- DATA SEGMENT
#####

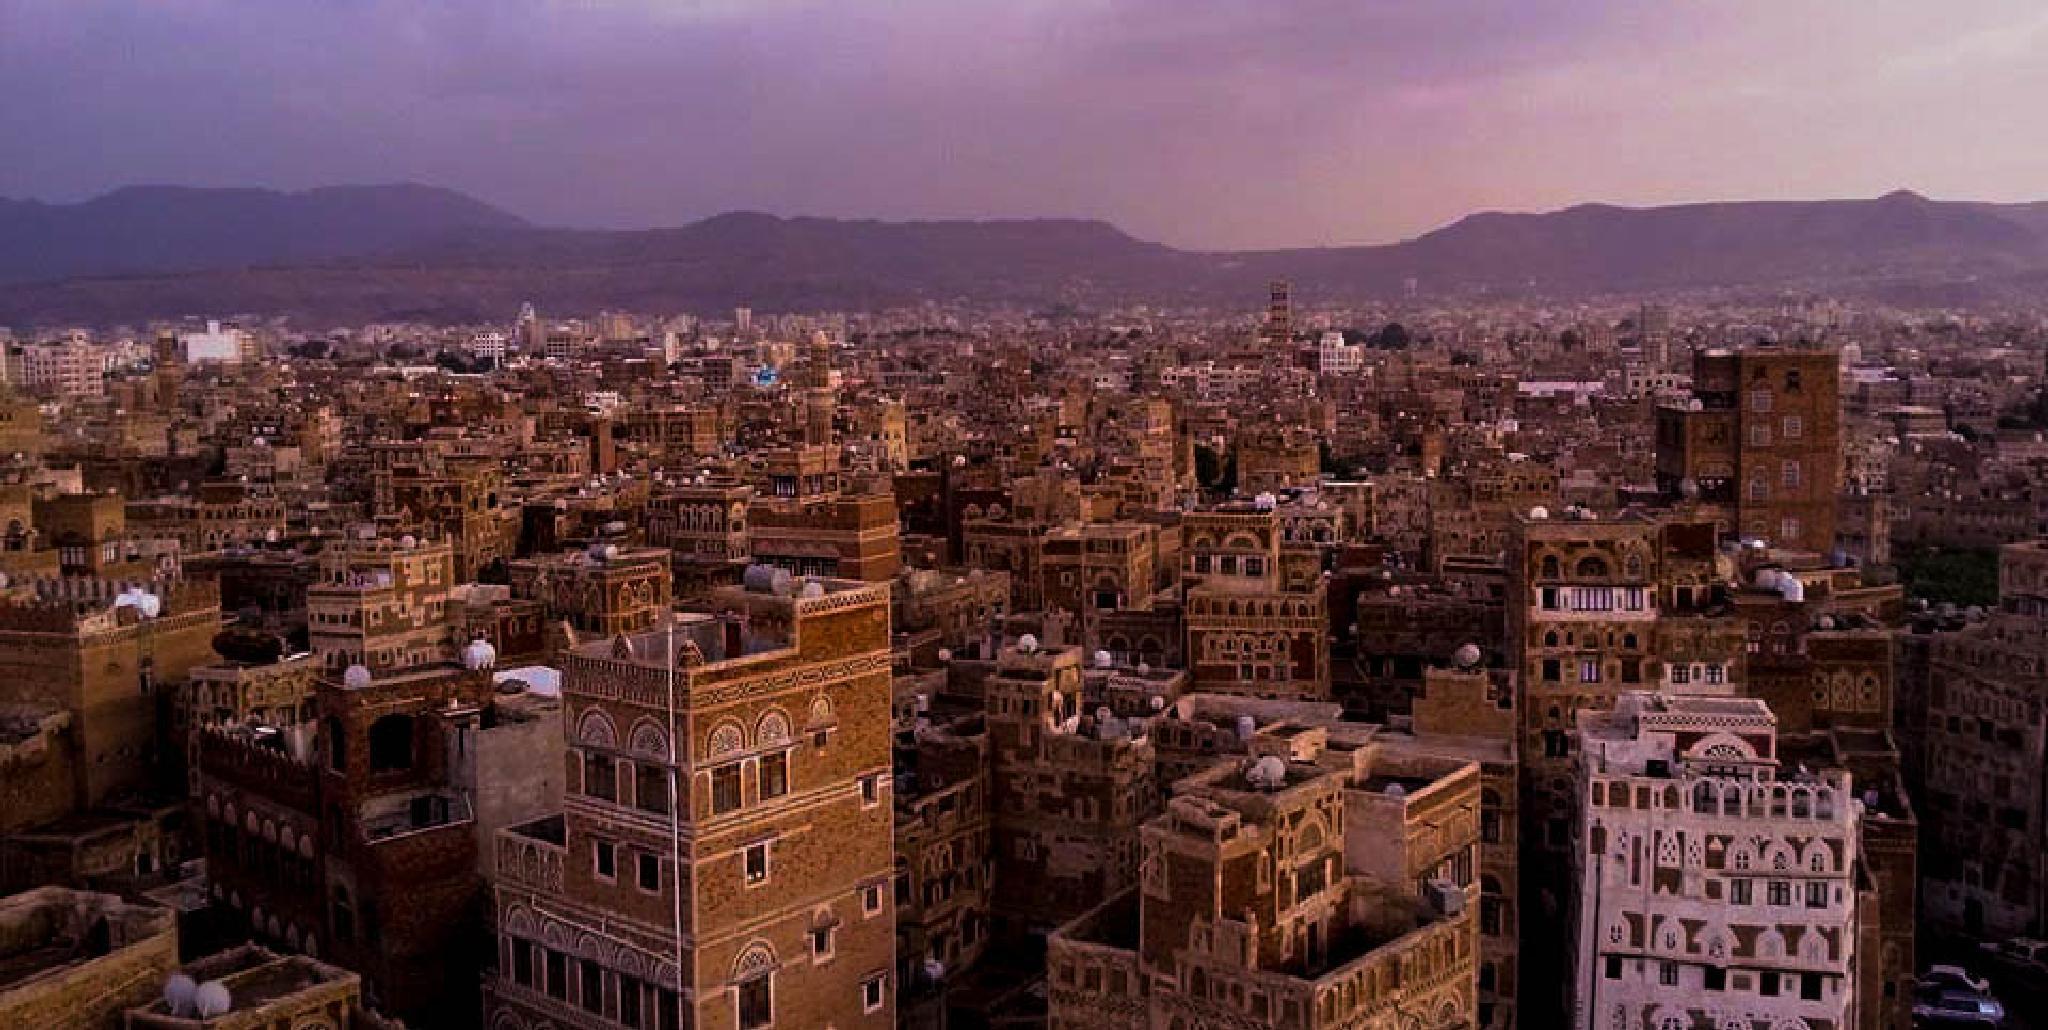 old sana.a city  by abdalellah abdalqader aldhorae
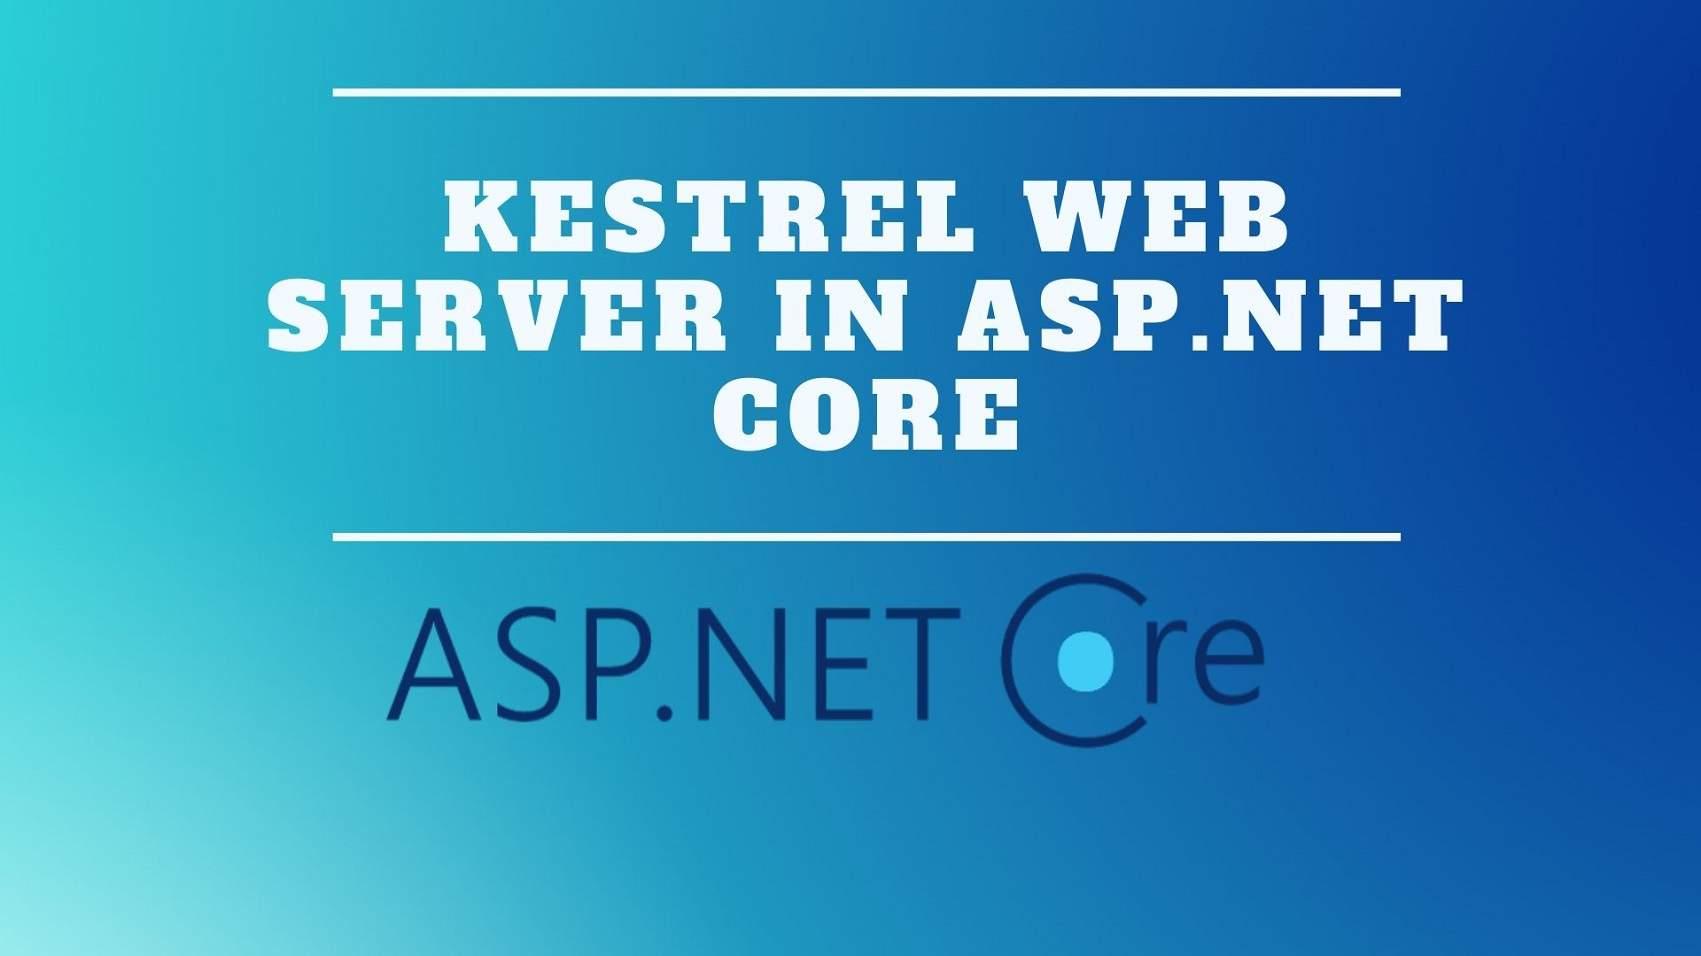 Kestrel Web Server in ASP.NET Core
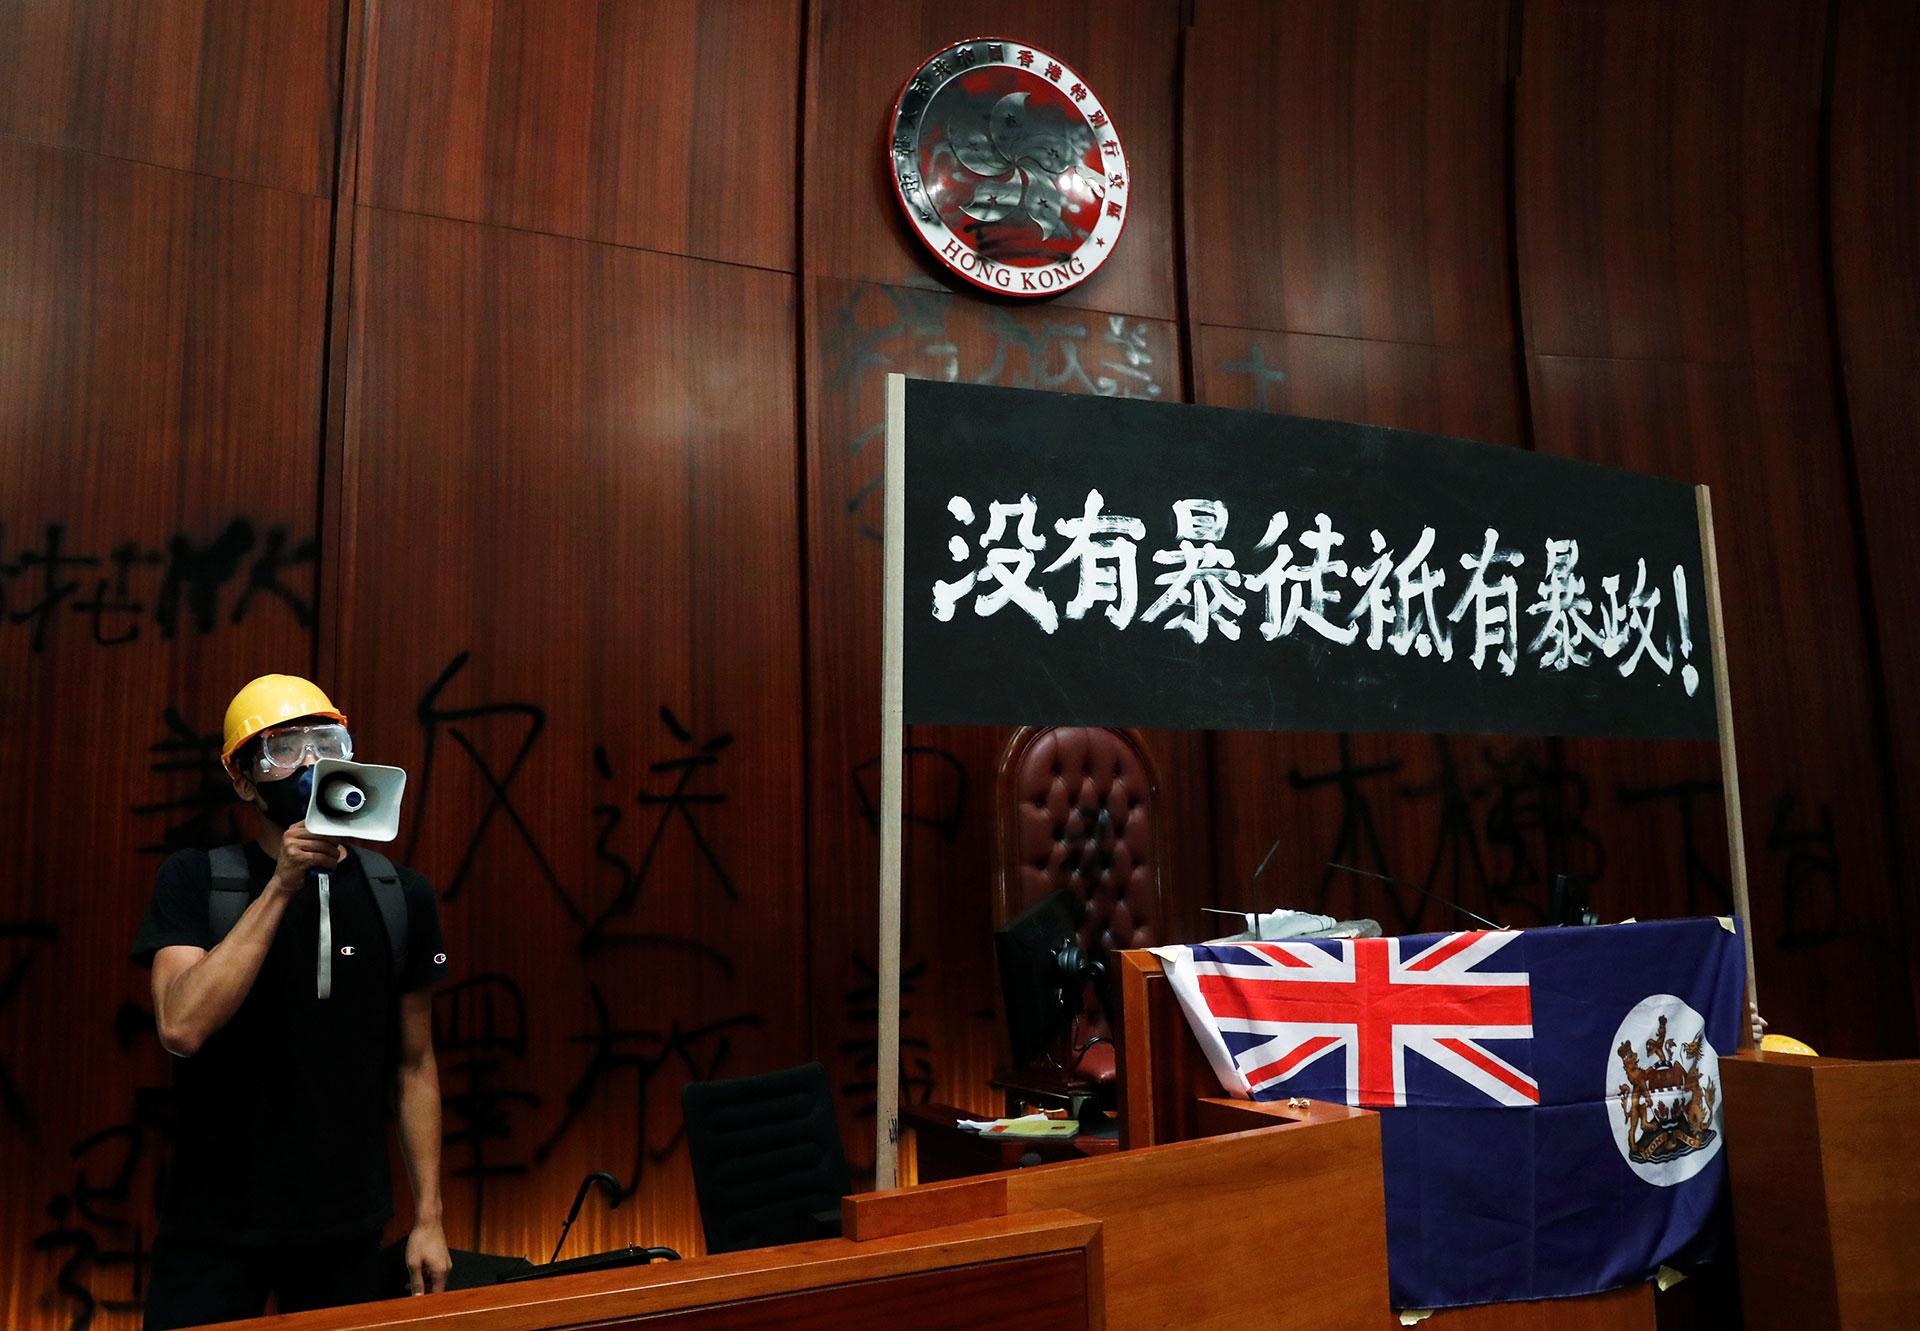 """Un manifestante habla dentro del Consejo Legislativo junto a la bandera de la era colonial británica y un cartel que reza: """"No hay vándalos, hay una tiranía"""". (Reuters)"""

#####

Once the pictures are dropped, repeat the data above exactly.

- SOLUTION
 old sana.a city  by abdalellah abdalqader aldhorae
 Kestrel Web Server in ASP.NET Core
 """Un manifestante habla dentro del Consejo Legislativo junto a la bandera de la era colonial británica y un cartel que reza: """"No hay vándalos, hay una tiranía"""". (Reuters)"""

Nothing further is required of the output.